Which, by the way, must be locked up. I don’t mean babyproofed. We have to actually lock up all the meds: all prescription meds, all over-the-counter meds, everything down to the last Advil. I take 7-8 prescription meds a day. My husband is asthmatic and gets bad seasonal allergies. I have three kids. So, yeah, we have a lot of over-the-counter meds. I needed two giant Lowes toolboxes to fit everything. Which cost me a ton of money — but that was the cheap option. Real medication lockboxes run around $160 bucks each, and we’d have needed two. Now, if you want an Advil in my house, you have to find the padlock key and go diving under my bed for a toolbox.

But that isn’t all social services wants locked up. I’d joke that it might be the Tide Pod craze, but social services isn’t that savvy — they just impose the same rules on everyone, logic be damned. So despite the fact that the child we’re adopting is too old to accidentally chug a bleach smoothie, we have to secure all cleaning supplies and dangerous chemicals behind baby-proof locks. Which a teen could open anyway. Which he will, because damn if he won’t be learning how to wash laundry or throw in a load of dishes.

And just in case he gets a mind to stick a fork in a socket, social services requires a cover on every electrical outlet. Even in the ones behind the couch. Even in the ones on the extension cord behind the couch. So we were in hock for all the babyproofing supplies — the cost of which has skyrocketed since we last bought them in 1999.

Basically, if we weren’t financially fortunate, we’d have given up this dream, this kid, long ago. Because none of this includes the basic costs of getting ready for another kid: the mattress, the bedclothes for a bed, the phone charger for his bedroom, a desk, a dresser, lamps. The cost to redo your other kids’ room so they all share one space, instead of being spread out over two. The time off work to meet with social workers. The time your friends spend babysitting your kids so you can meet the social workers. The gas to drive back and forth to social services to hand over your documents in person, because you want to make sure that they actually get turned over to a human being and not lost in some bureaucratic graveyard of stacked paper.

It’s enough to make you cry (I have, especially when they lost that physical form). It’s enough to make you rage (I have, especially when I realized we’d have to redo the master bedroom). It’s enough to make you feel that this will never, ever happen, that you’re tilting at windmills, that you’ll never be able to gather all these papers in your arms at once and dump them in some social worker’s lap and say, here. Can we talk about actual kids now?

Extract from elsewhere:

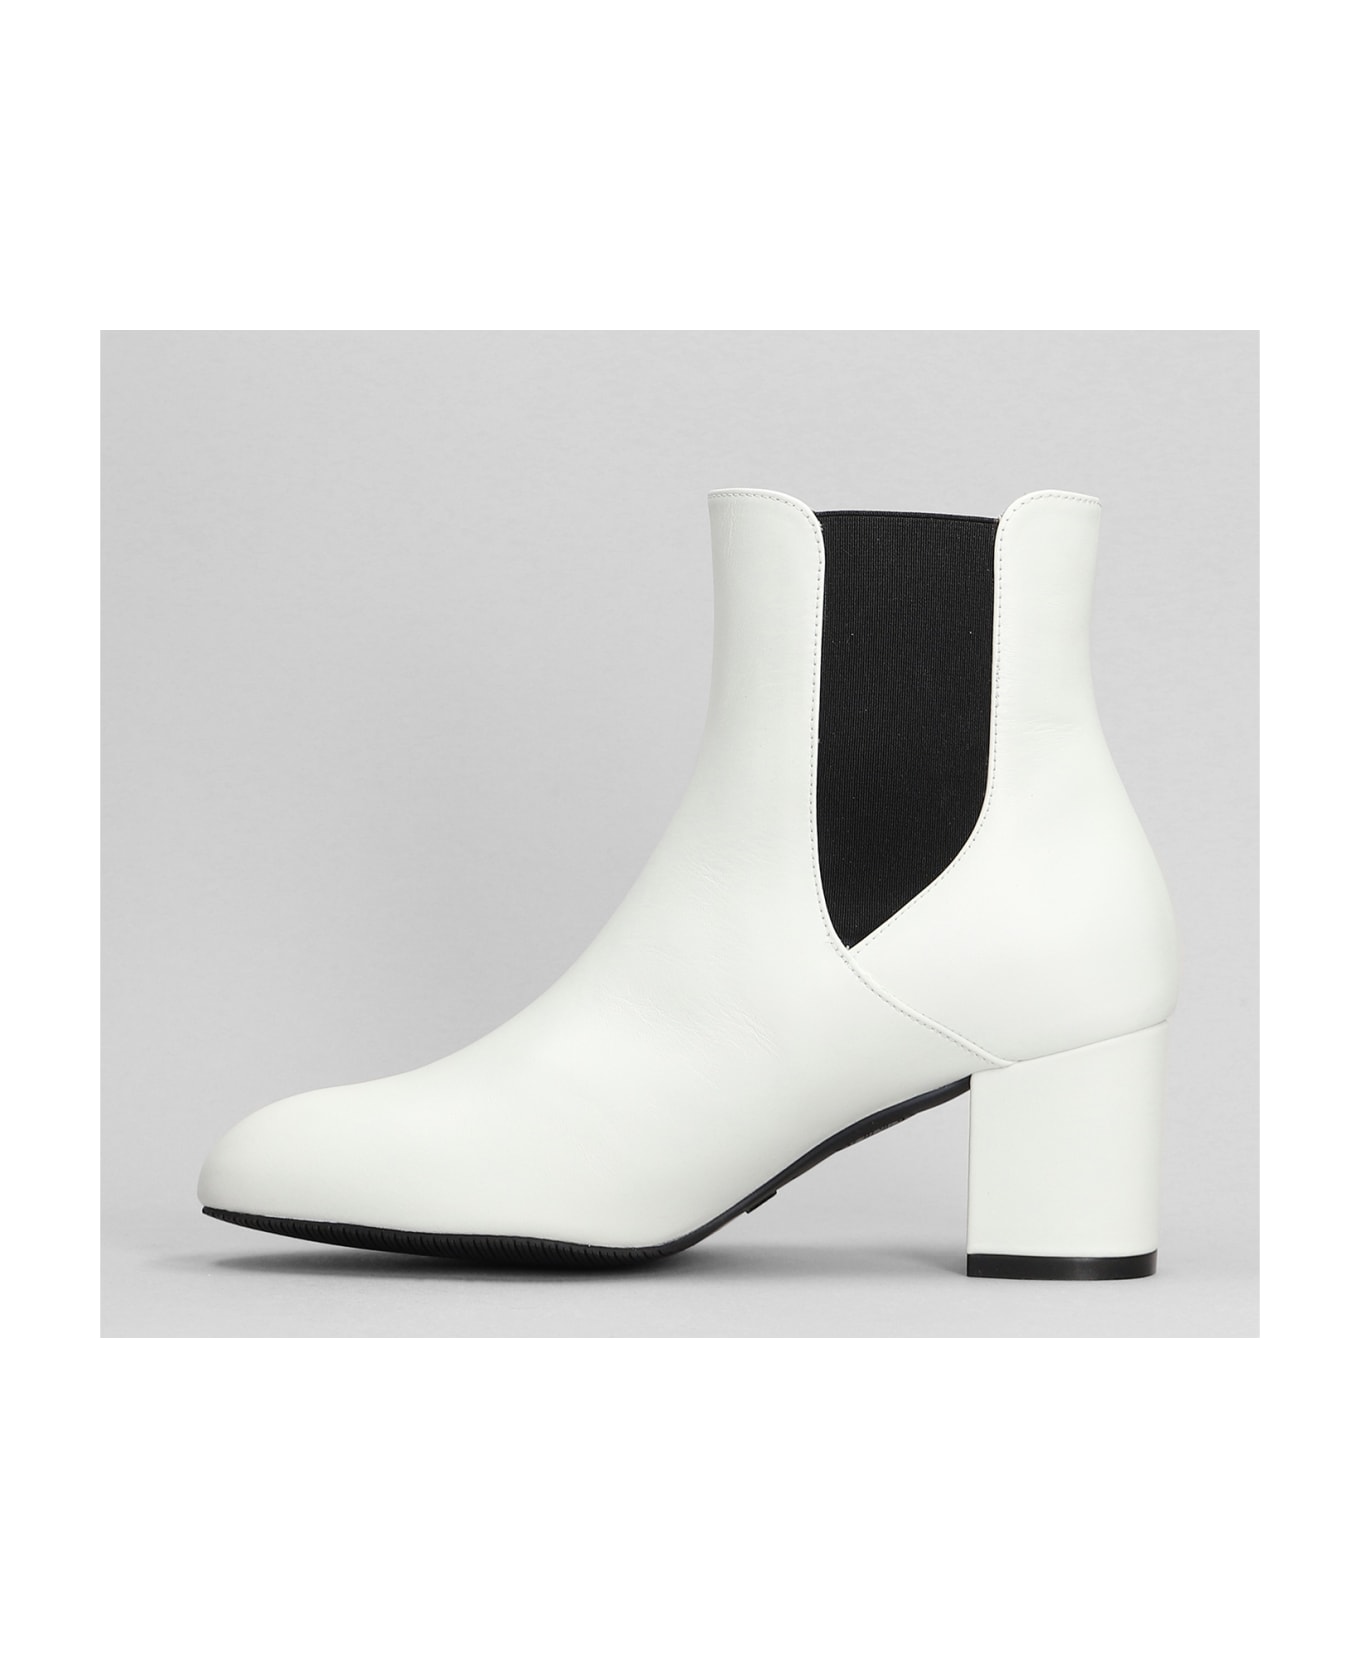 Stuart Weitzman Yuliana 60 Ankle Boots In White Leather - white ブーツ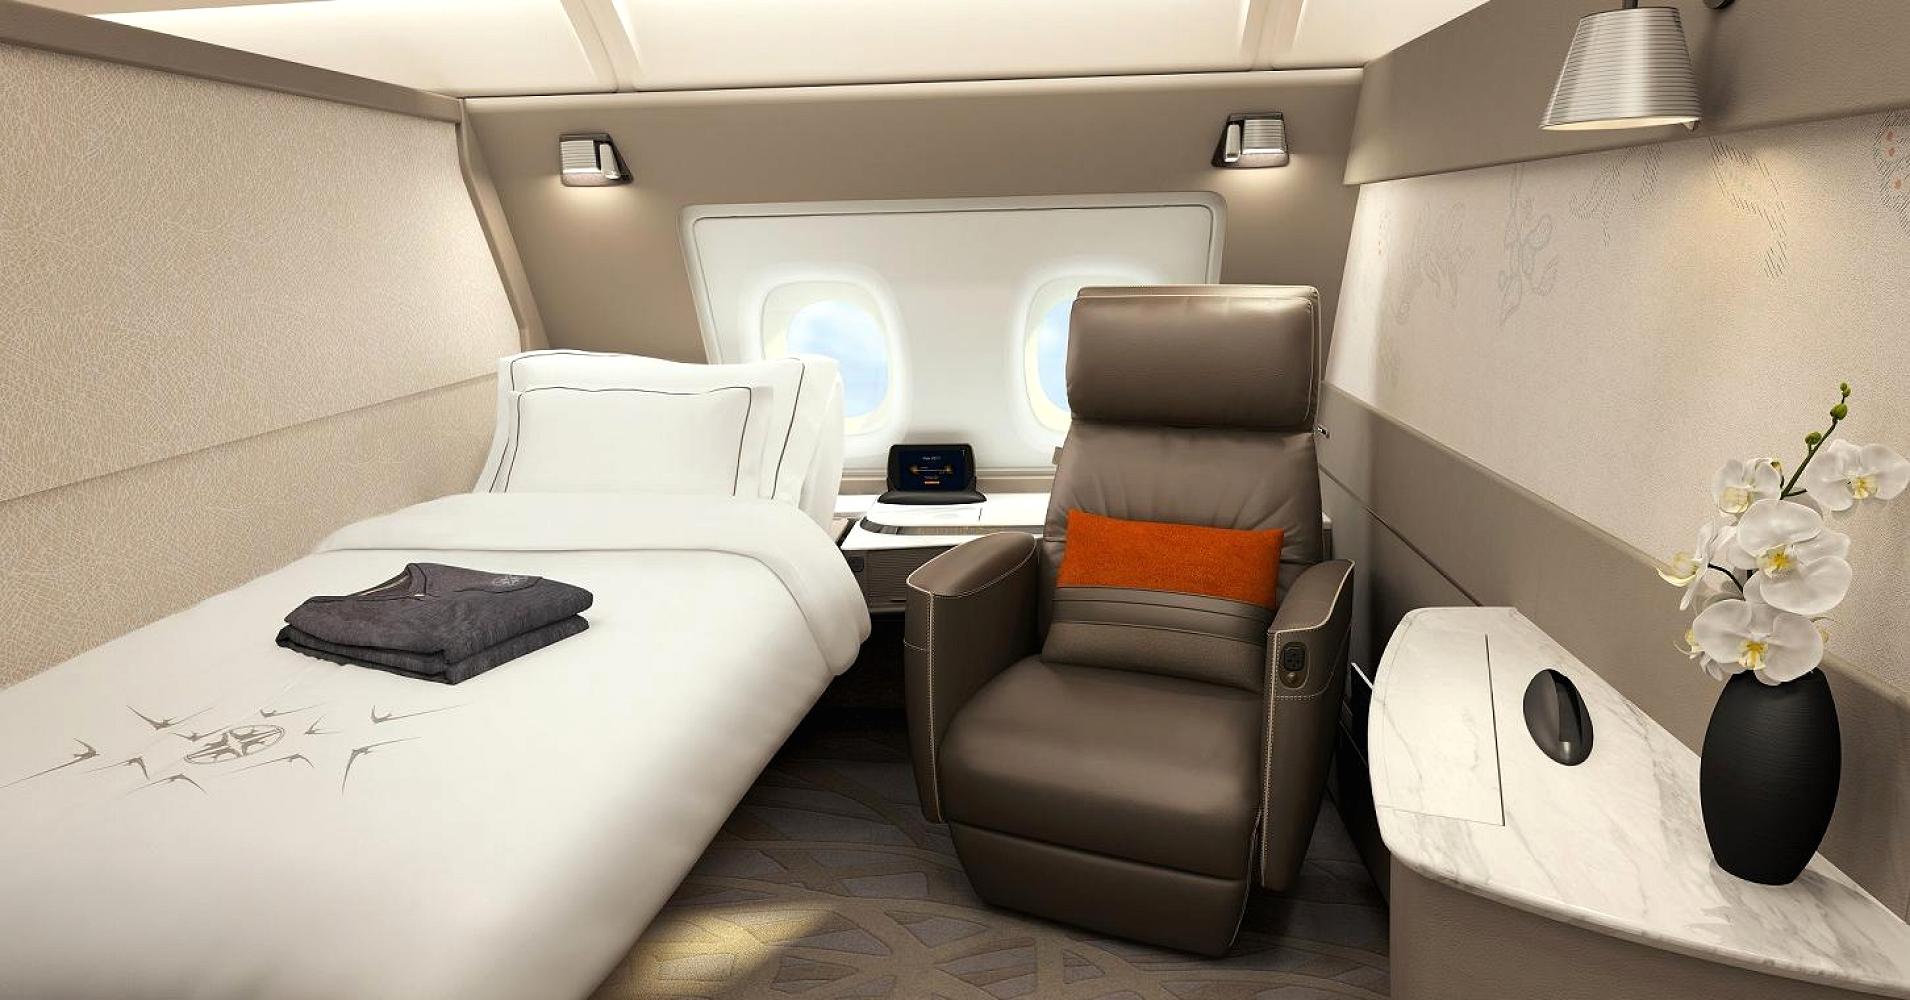 Singapore Airlines’ latest cabin overhaul sees swanky luxury apartments in the sky

But I have to believe. I have to believe that somewhere, my son is waiting. I am terrified that, like 14% of kids in foster care, he’s languishing in a group home. I am terrified he goes to sleep thinking no one wants him. I just want to bring him home, whoever he is. I am a mother who does not yet know her child. And all these rules, all this financial outlay — it just adds to the vast span of time that he feels unwanted. That he has no home. That he has no one.

If we were poorer, we would have dropped out as soon as we needed interconnected wireless smoke alarms. And then our son would age out, would never have a home. I know adoptive parents drop out when they find out the requirements. I know loving homes remain closed because they can’t cope with the draconian requirements, with the byzantine bureaucracy. Kids need homes. And we have to make it easier to get them there.